Iii. the expression determined in step (ii) is compared with the mutually isogenic expression in control sample, to determine patient Whether resisting CDK8/19 treatments has response, and the control sample has response including representative number to CDK8/19 inhibitor Patient or predictive animal model and representative number to CDK8/19 inhibitor without or have the patient of poor response；With

Iv. if it is determined that the patient has response to the treatment, then using the compound of effective dose.

78.CDK8/19 inhibitor or its pharmaceutically acceptable salt or oxide are optionally with its pharmaceutically acceptable combination Thing is used to predict method of the patient with tumour or cancer to the response with CDK8/19 inhibitor for treating, wherein methods described Including：

I. the tumour or cancer specimen are obtained from the patient；

Ii. the expression or expression quantity of one or more biomarkers in the biological sample from patient are determined, Wherein described biomarker is selected from the group consisted of：ER is positive, VHL functions loss mutation (VHL- is negative), HER2 mistakes Expression, EGFR mutation, MET mutation, the biomarker of neuroblastoma；EWS-FLI1, STAT1-pS727, STAT1, or Inactivating mutations in ETV1, FLI1, SMC3, SMC1A, RAD21 or STAG2；

Iii. determine whether the expression of assessment or expression quantity are higher or lower than in corresponding normal cell in step (ii) It was found that scope, for example, related a certain amount of higher or lower than increasing or decreasing for the clinical Benefit to patient；With

Iv. the patient optionally described in the compounds for treating of effective dose.

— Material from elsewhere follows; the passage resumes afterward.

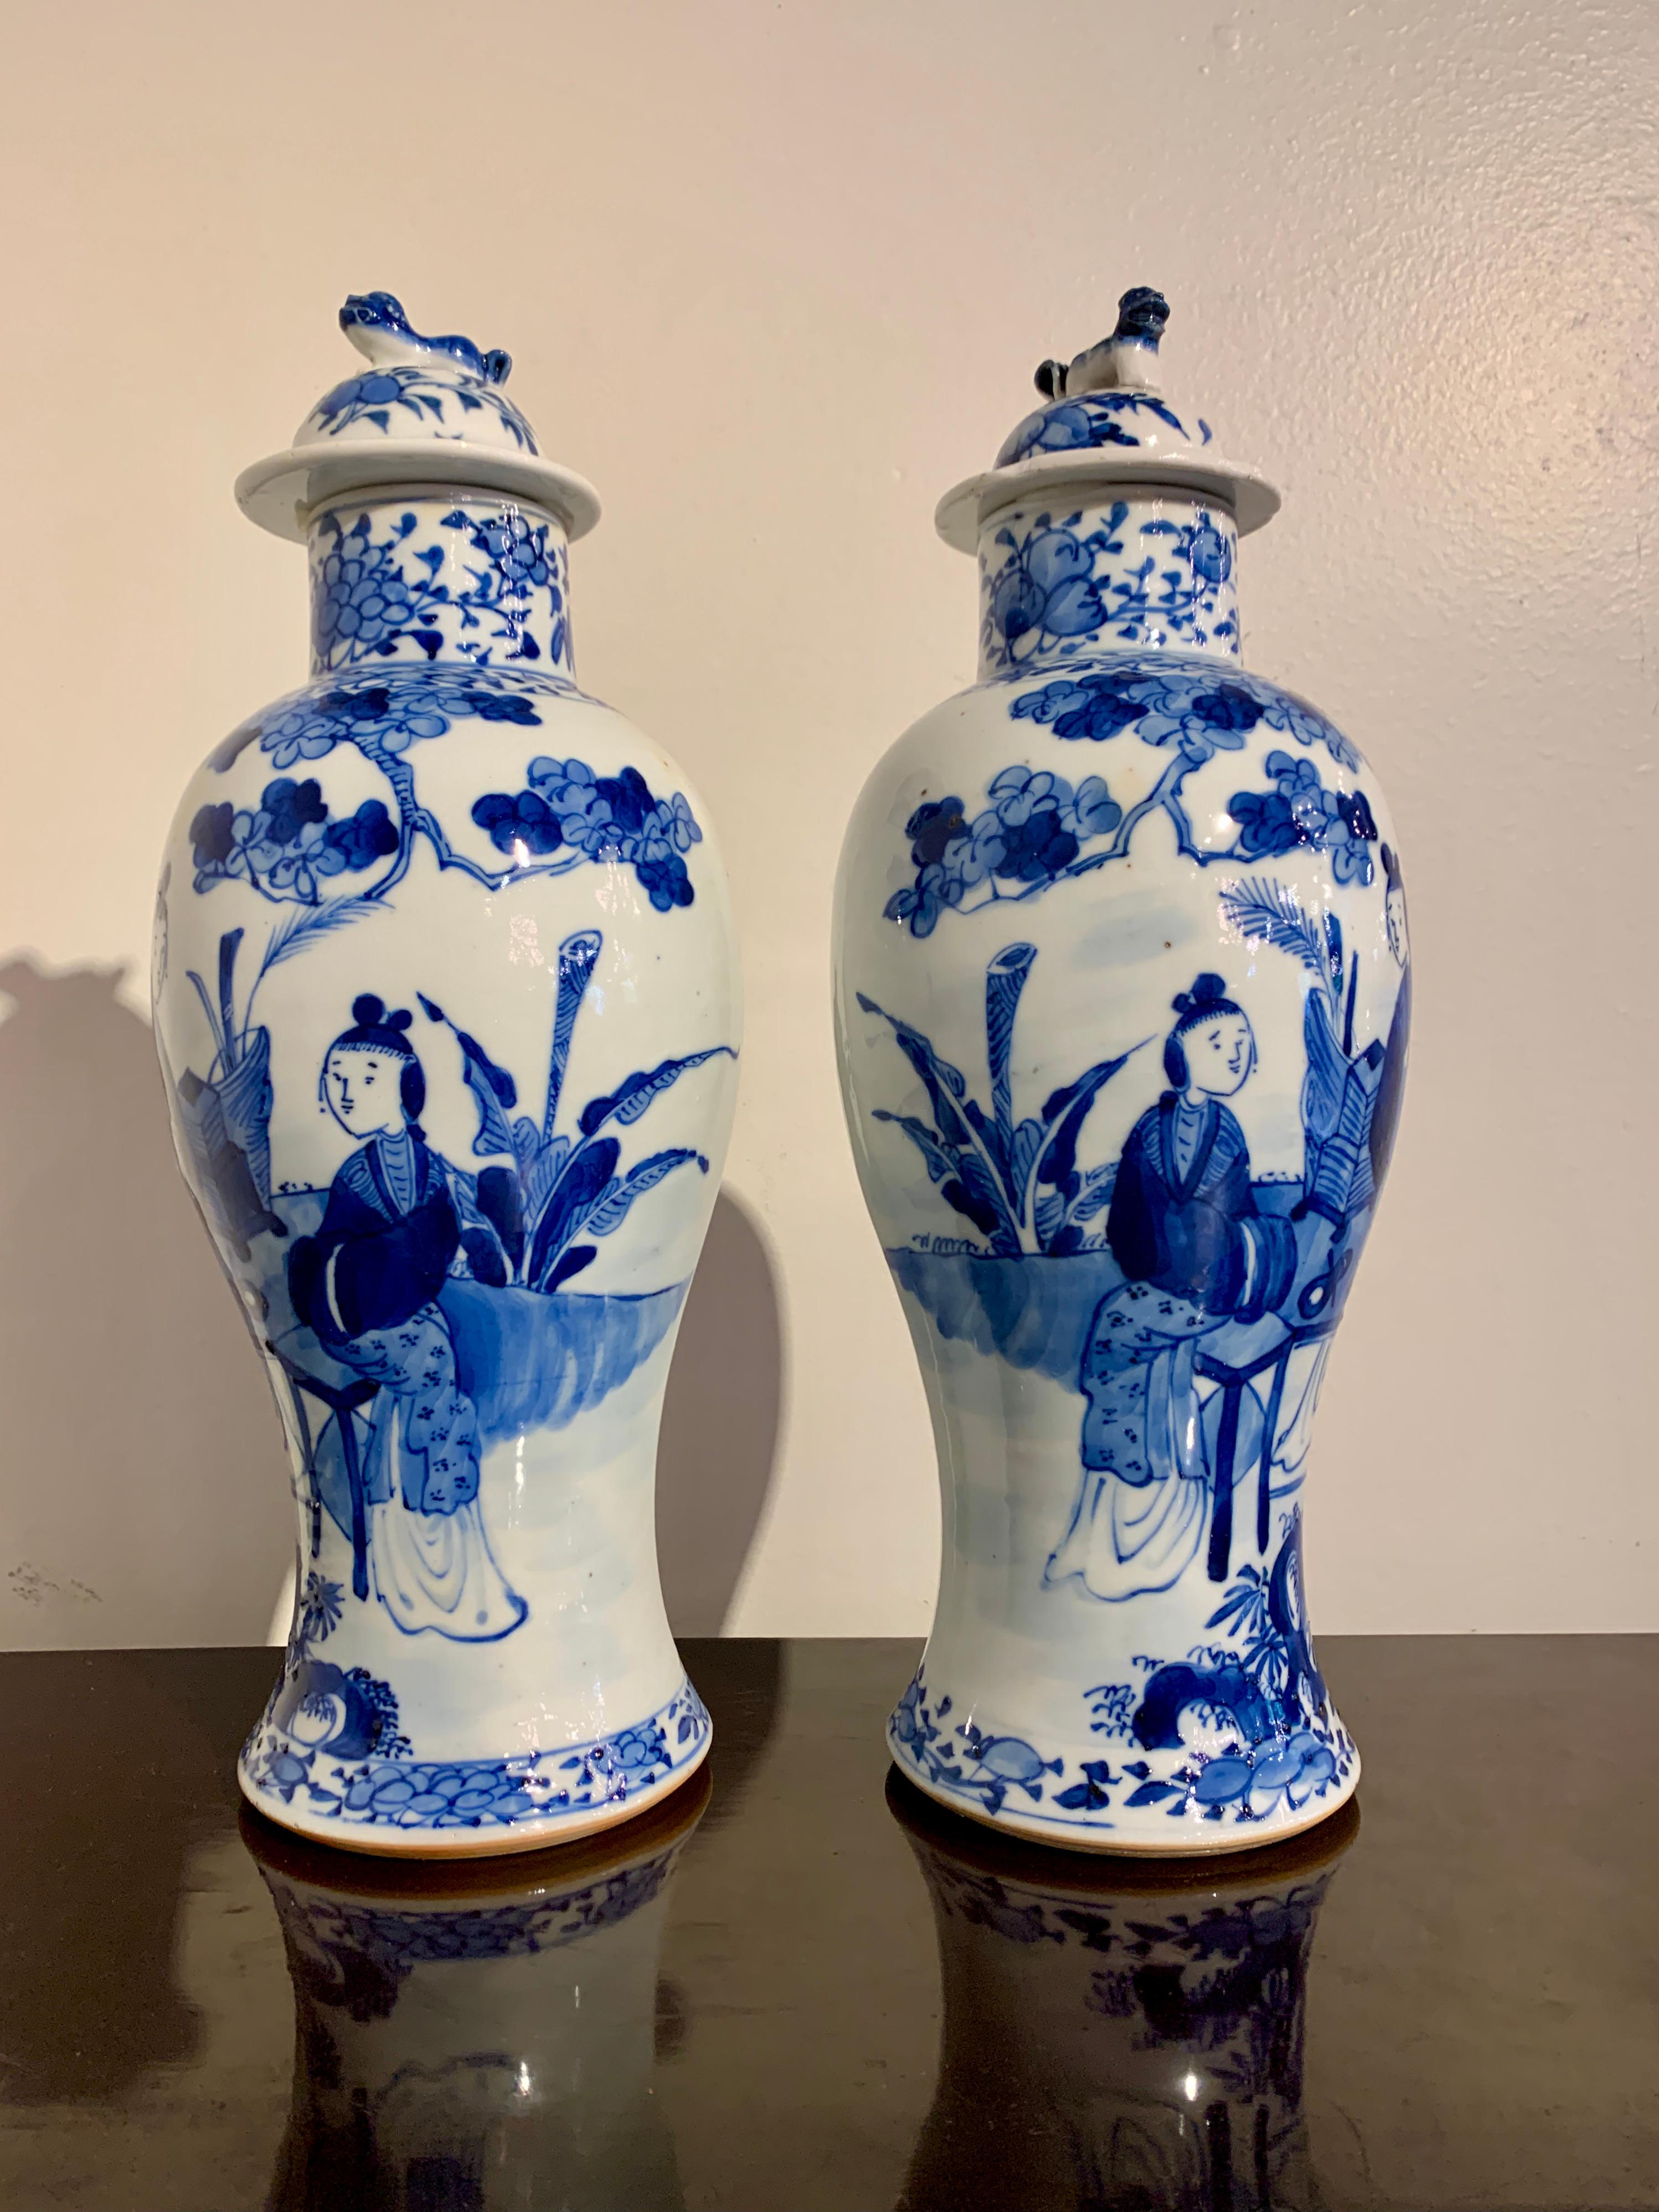 A lovely pair of Chinese blue and white glazed covered baluster jars or vases, qing dynasty, late 19th century, China.

The tall and slim vases of baluster form and surmounted by a cover topped with a foo dog. The slight bodies of the vases

79.CDK8/19 inhibitor or its pharmaceutically acceptable salt or oxide are optionally with its pharmaceutically acceptable combination Thing is used to select by having the tumour of response or the method for cancer patient, wherein methods described bag with CDK8/19 inhibitor for treating Include：

I. the tumour or cancer specimen of the patient is obtained；

Ii. the expression or expression quantity of one or more biomarkers in the biological sample from the patient are detected, Wherein described biomarker is selected from the group consisted of：ER is positive, VHL functions loss mutation (VHL- is negative), HER2 mistakes Expression, EGFR mutation, MET mutation, the biomarker of neuroblastoma；EWS-FLI1, STAT1-pS727, STAT1, or Inactivating mutations in ETV1, FLI1, SMC3, SMC1A, RAD21 or STAG2；

Iii. the expression determined in step (ii) is compared with the mutually isogenic expression in control sample, with described in determination Whether patient has response to the treatment of cortex chalone, and the control sample includes having to CDK8/19 inhibitor for representative number The patient of response or predictive animal model and representative number to CDK8/19 inhibitor without or have the trouble of poor response Person；With

Iv. if it is determined that the patient has response to the treatment, then using the compound of effective dose.